Author: Gifford Tompkins

---

Project 03 | Notebook 1 of 6

## OBJECTIVE
This notebook will establish a Base Model to compare our final model's success to. We will then clean the data and make it ready fro analysis. We will then begin some Exploratory Data Analysis and attempt to get a sense of whether or not we will be able to answer our problem statement given our body of data. If so, we will also have a sense for how to develop a strategy for building our model.

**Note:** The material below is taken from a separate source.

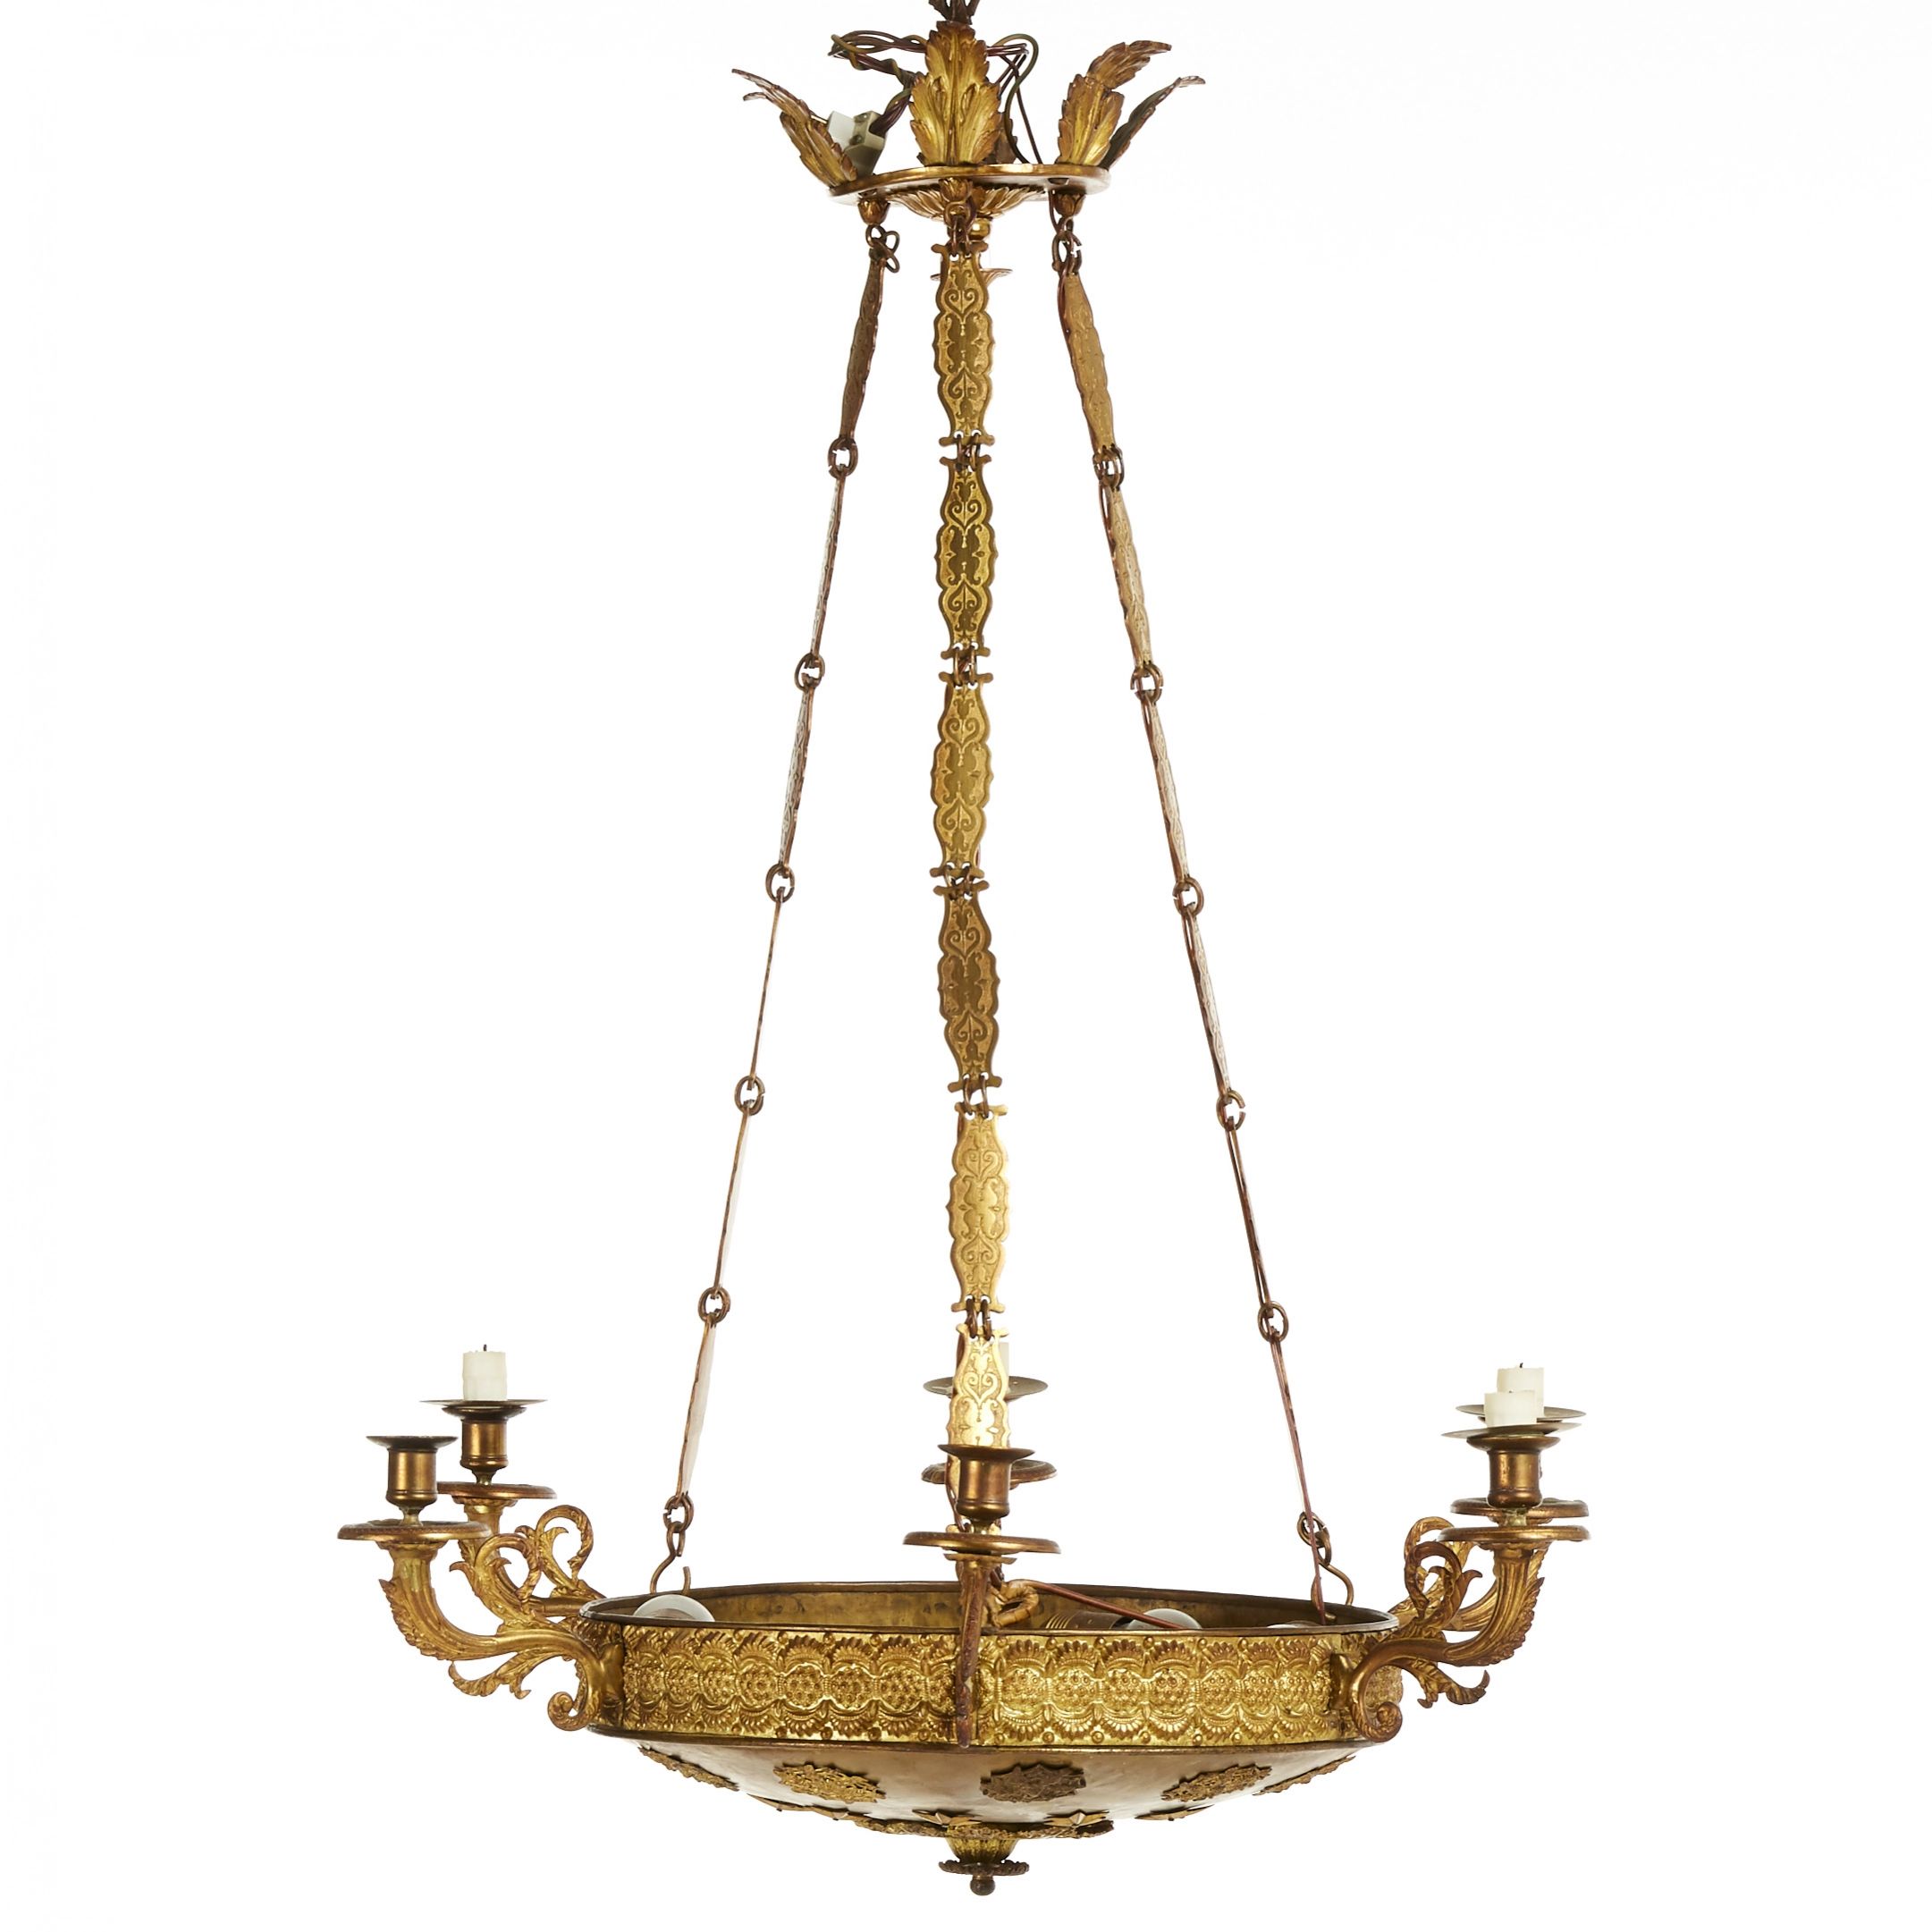 Empire-style-chandelier-Royal-Russia-19th-century-

# Import Libraries and Dataset

In [1]:
import pandas as pd
import numpy as np
import time
import regex as re

from nltk.stem import WordNetLemmatizer
from sklearn.naive_bayes import GaussianNB, MultinomialNB

from sklearn.feature_extraction.text import CountVectorizer, TfidfVectorizer
from sklearn.model_selection import train_test_split, GridSearchCV
from sklearn.pipeline import Pipeline

from project_functions.data_cleaning_and_eda import clean_string

In [2]:
df = pd.read_csv('../data/corpus.csv')
df = df.drop_duplicates()

## Drop Duplicates
Before establishing a baseline model, we will remove any duplicates from our data set to establish a valid class distribution.

In [3]:
df['vegan'].value_counts(normalize=True)

0    0.501411
1    0.498589
Name: vegan, dtype: float64

# Baseline Model

Our baseline model is the majority class distribution of our data set. We will attempt to create a model with more accuracy than a naive guess. 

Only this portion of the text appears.